Frequency Electronics heads into its July 15 earnings report with short sellers unwinding positions and options traders growing notably more optimistic — a combination that sits in sharp contrast to the stock's rough week on price.
The most striking shift in positioning is in the options market. Call demand has overwhelmed puts, pushing the put/call ratio down to 0.19 — almost exactly one standard deviation below its 20-day average of 0.33, and near the lowest defensive reading of the past year. As recently as mid-May, the ratio was running above 0.6, meaning options traders have rotated sharply from hedging to positioning for upside over the past three weeks. The 52-week low for the PCR is zero, so the current reading is not at an extreme, but the directional move is unambiguous.
Short interest reinforces the same cautious-to-constructive rotation. At 7.85% of the free float, the short position is not trivial — but it has fallen 10% on the week and 17% over the past month, unwinding from a peak near 9.5% in early May. The borrow market remains relaxed. Availability is generous at roughly 244% — meaning there are more than two shares available to lend for every one already borrowed — and cost to borrow, while up 18% on the week to 0.51%, remains firmly in the low single digits. There is no squeeze pressure and no sign of urgency in the lending market. The short score has drifted down from 64.3 on June 2 to 61.9 on June 9, a modest but consistent decline that tracks the covering trend.
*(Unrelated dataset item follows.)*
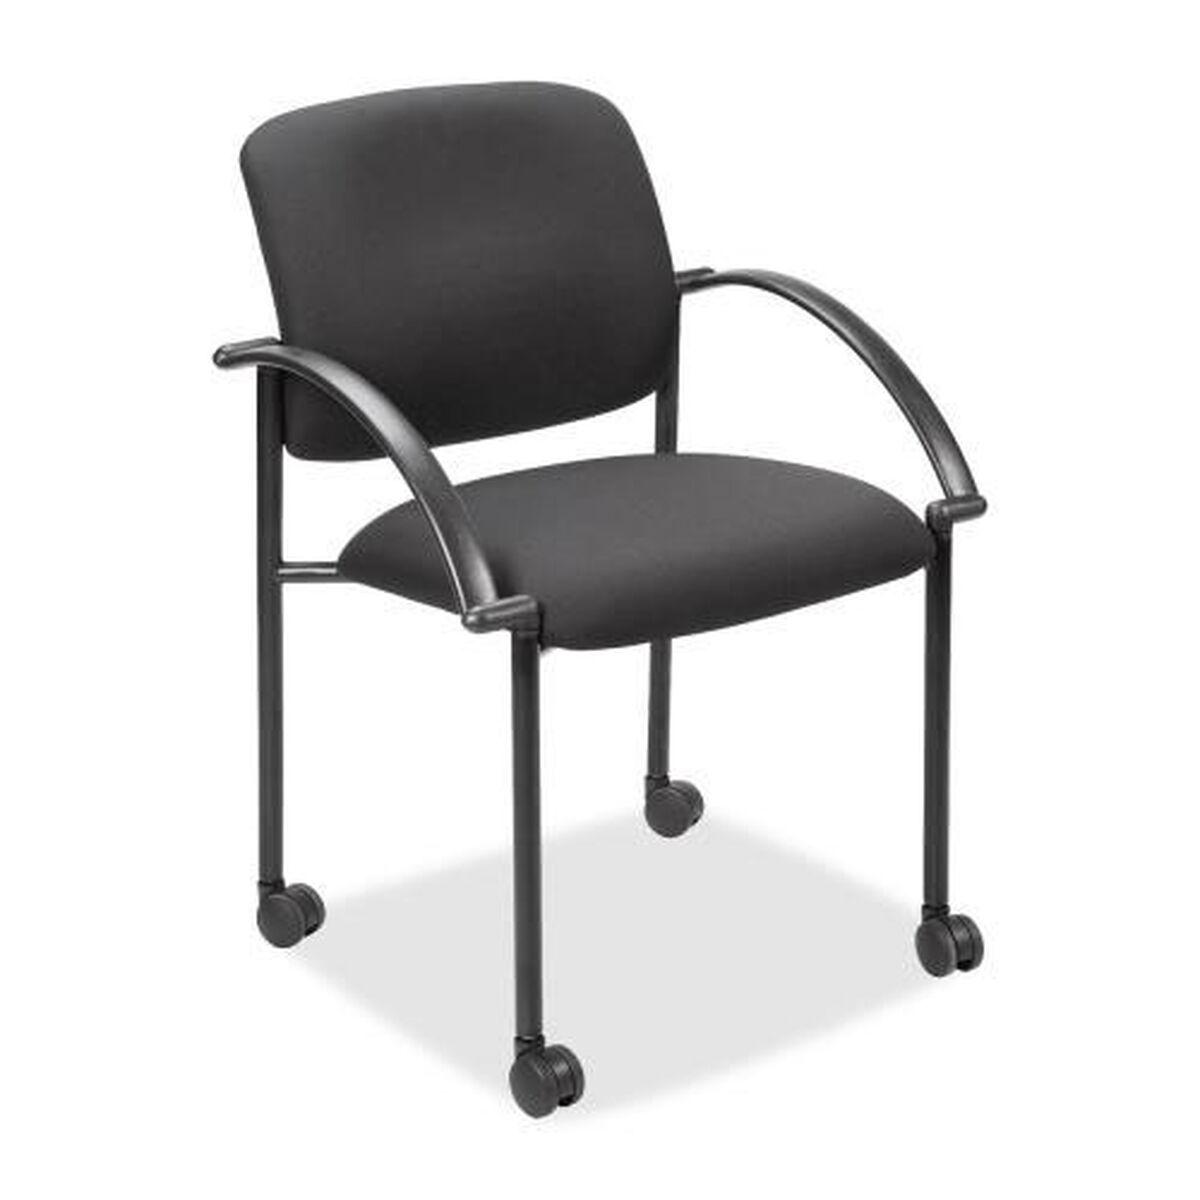 stack chair set 2 llr65965. Black Bedroom Furniture Sets. Home Design Ideas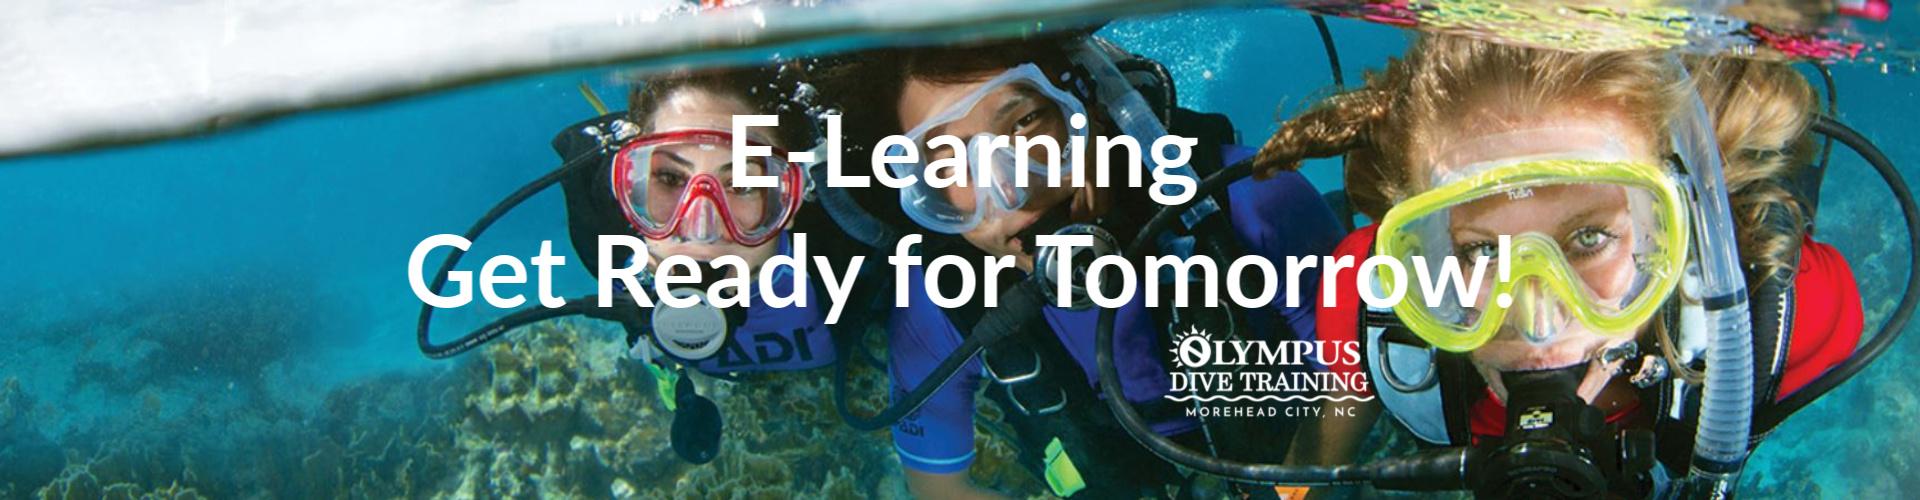 2 - E-Learn

The Street picture is thin but not hostile. The consensus is a Buy, with a mean price target of $65 — close to the current price of $66.94, which means implied upside from analyst coverage is near flat. The only tracked coverage comes from Freedom Broker, whose May 5 upgrade to Buy with a $65 target is now a month old and marginally below the market price. Craig-Hallum initiated at Buy back in September 2025 with a $43 target, which is well below current levels and stale enough to carry little weight. On factor scores, the short score rank sits at just the 4th percentile — meaning FEIM is ranked as one of the more bearish-sentiment names in the universe — while the days-to-cover rank of 7 also flags meaningful short positioning relative to volume. The dividend score of 86 stands out but reflects history rather than current yield; the last dividend was paid in December 2012.
The ownership picture adds texture. Edenbrook Capital holds 19% of shares and has not changed its position, making it the dominant anchor. Driehaus Capital added 178,872 shares in Q1, building its stake to just under 5%. Goldman Sachs added 111,138 shares in the same period, lifting its holding to 2.5%. Vanguard Capital Management initiated a new position of 282,441 shares. The cluster of institutional buying in Q1 coincides with the short-covering trend and suggests professional money has been accumulating while short sellers exit.
Price action complicates the narrative. FEIM fell 4.3% on Tuesday and is down 7.2% on the week to $66.94, despite a 7.3% gain over the prior month. The comparable peer FTG on the TSX dropped 12.4% on the week, and AEVA on Nasdaq fell 20%, so sector pressure is real — but FEIM's slide has been comparatively contained. The earnings history adds a note of caution: the March 2026 print produced a one-day drop of 13.8% and a five-day loss of 21.5%, while the December 2025 report generated a 33.2% single-day gain. The binary nature of those reactions means the July 15 event is the central factor to watch — specifically whether the short-covering and options repositioning that has developed over the past month holds into the report date.